The data used to support the findings of this study are available from the corresponding author upon request.
The study design was approved by the Ethics Committee at the Medical University of Bialystok in accordance with the Declaration of Helsinki (No. R-I-002/374/2014).
Signed informed consent was obtained from patients and their parents/guardians.
The authors declare that they have no conflicts of interest.

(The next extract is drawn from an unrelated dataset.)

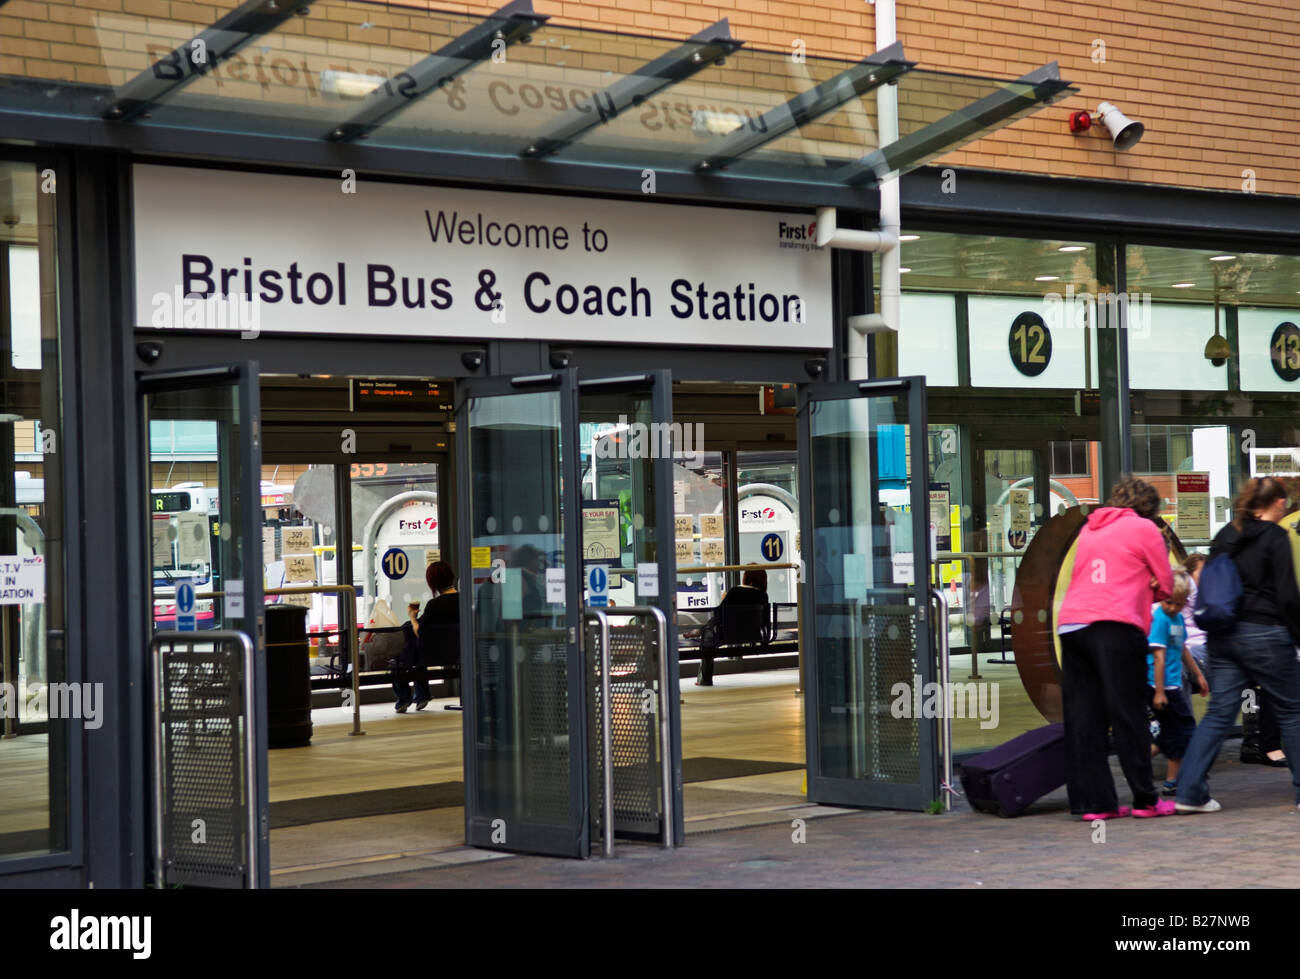 Bristol bus and coach station England Stock Photo - Alamy

Włodzimierz Łuczyński designed the study, analysed and interpreted the patients’ data, and was a major contributor in writing the manuscript. Izabela Łazarczyk, Artur Bossowski, and Barbara Głowińska-Olszewska designed the study; Ilona Szlachcikowska, Żaneta Kiernozek, Anna Kaczmarek, Oliwia Szylaj, Agnieszka Szadkowska, and Przemysława Jarosz-Chobot collected and analysed the data. All authors read and approved the final manuscript.
The study was fully funded by Medical University of Bialystok, Poland, grant number N/ST/ZB/18/002/1206.